### Your task
Every line below is to be copied exactly, with the pictures left out.

### Information provided
────────────────────────────────────────

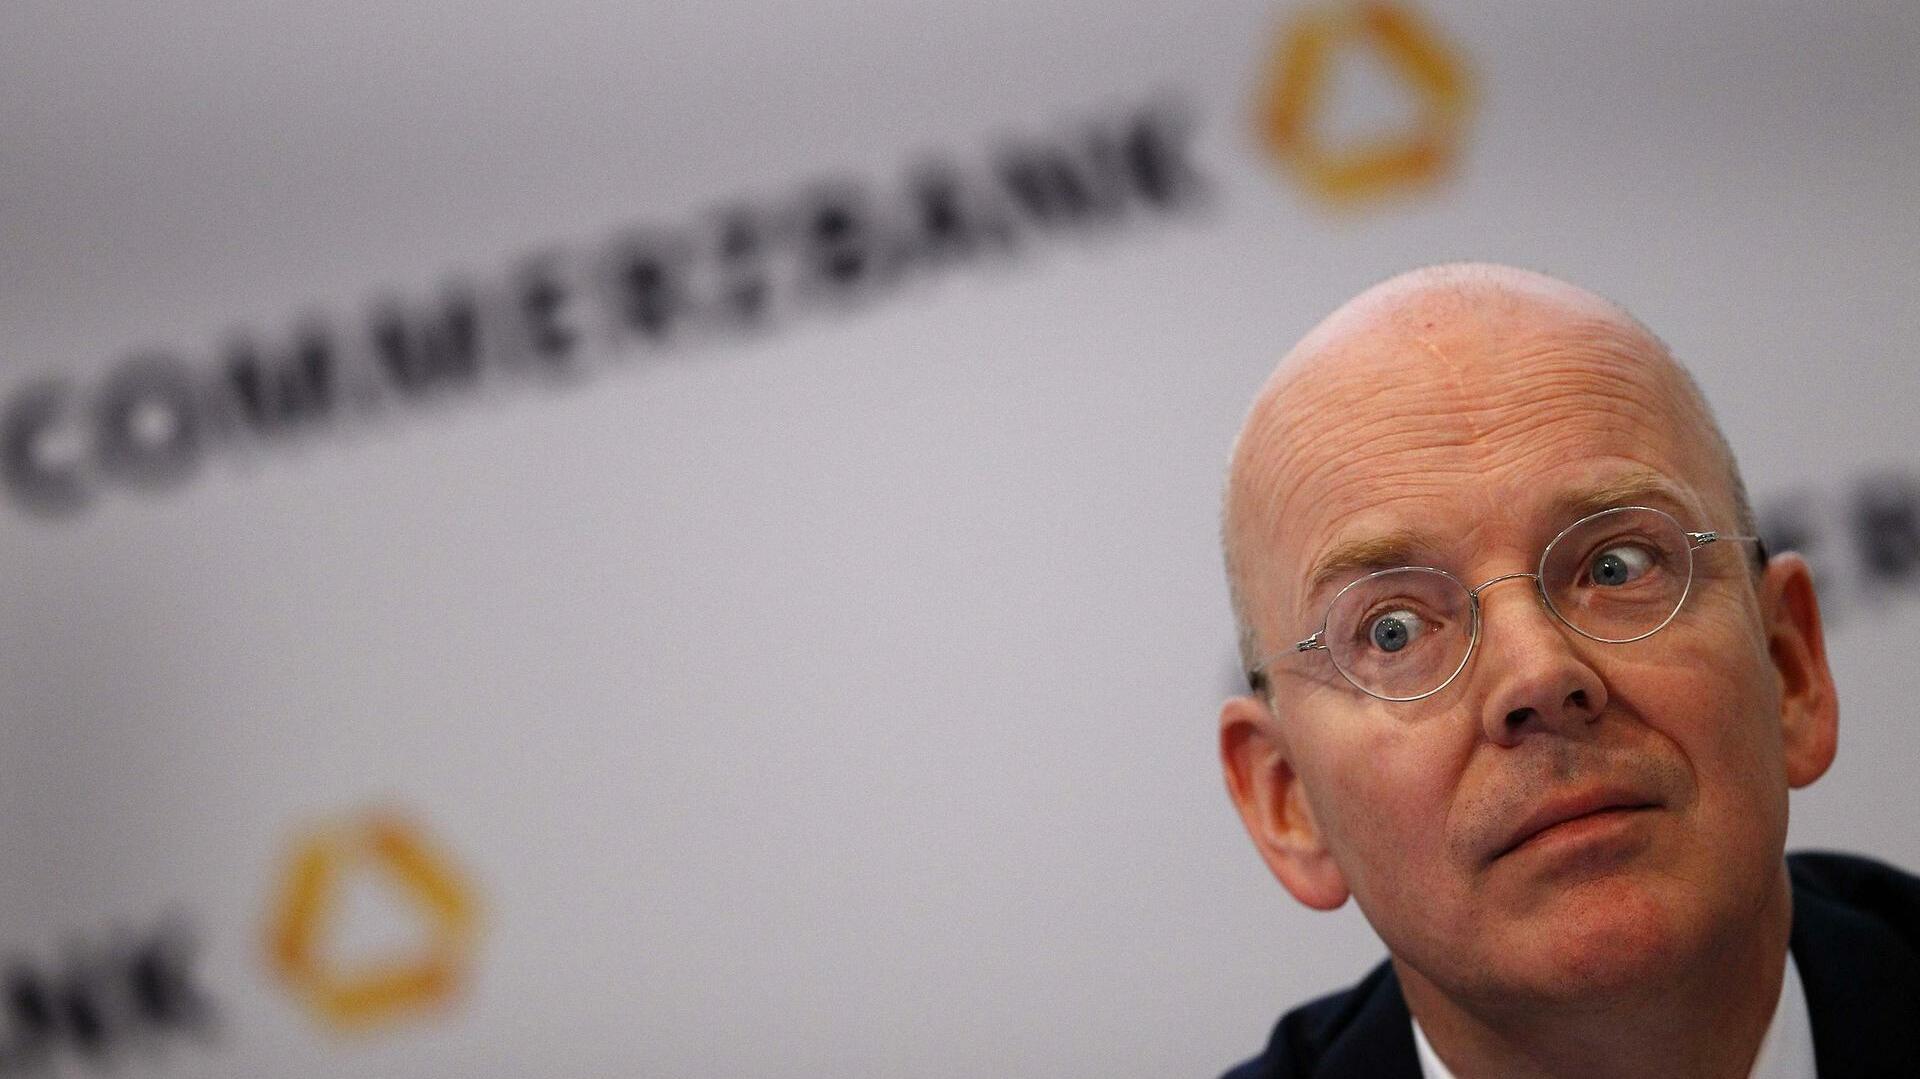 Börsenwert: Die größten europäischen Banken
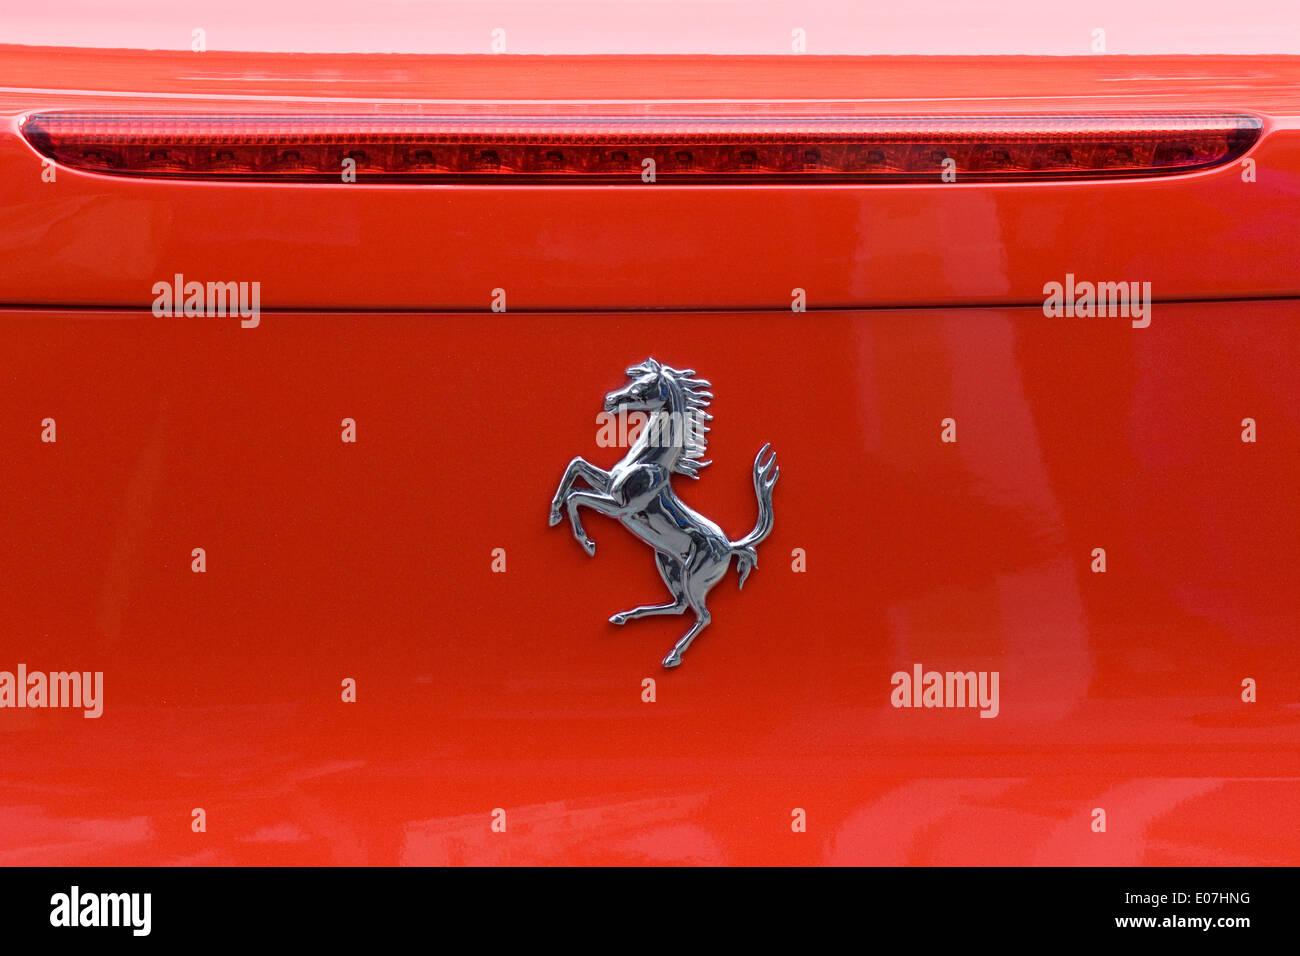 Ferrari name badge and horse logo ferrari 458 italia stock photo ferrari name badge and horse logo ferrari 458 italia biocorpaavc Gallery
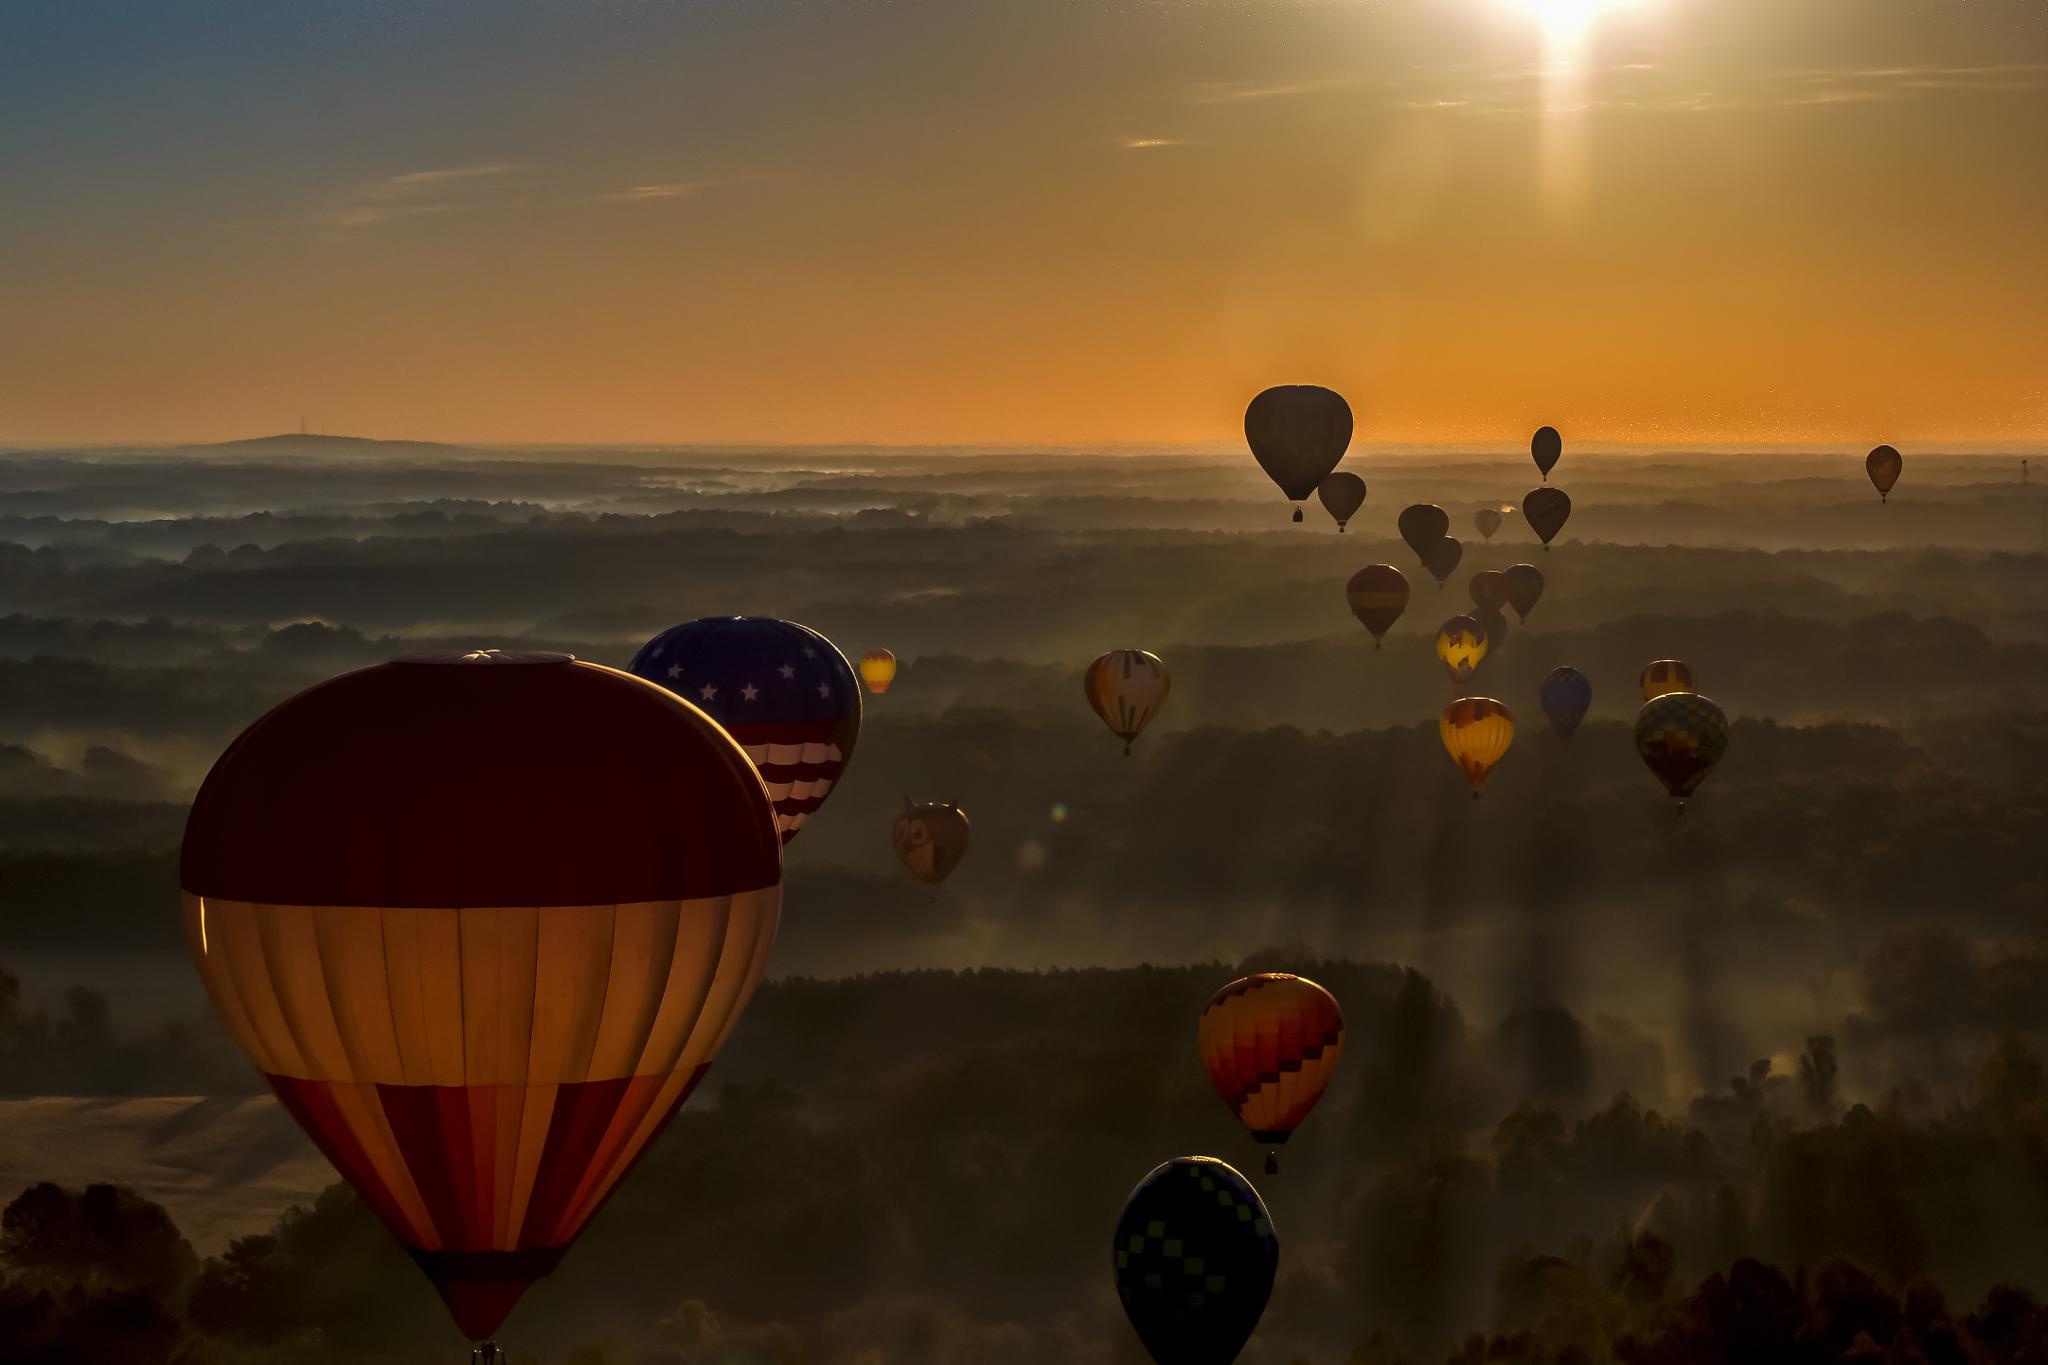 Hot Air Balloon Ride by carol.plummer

────────────────────────────────────────

### Solved exercise
 Börsenwert: Die größten europäischen Banken
 Ferrari name badge and horse logo ferrari 458 italia stock photo ferrari name badge and horse logo ferrari 458 italia biocorpaavc Gallery
 Hot Air Balloon Ride by carol.plummer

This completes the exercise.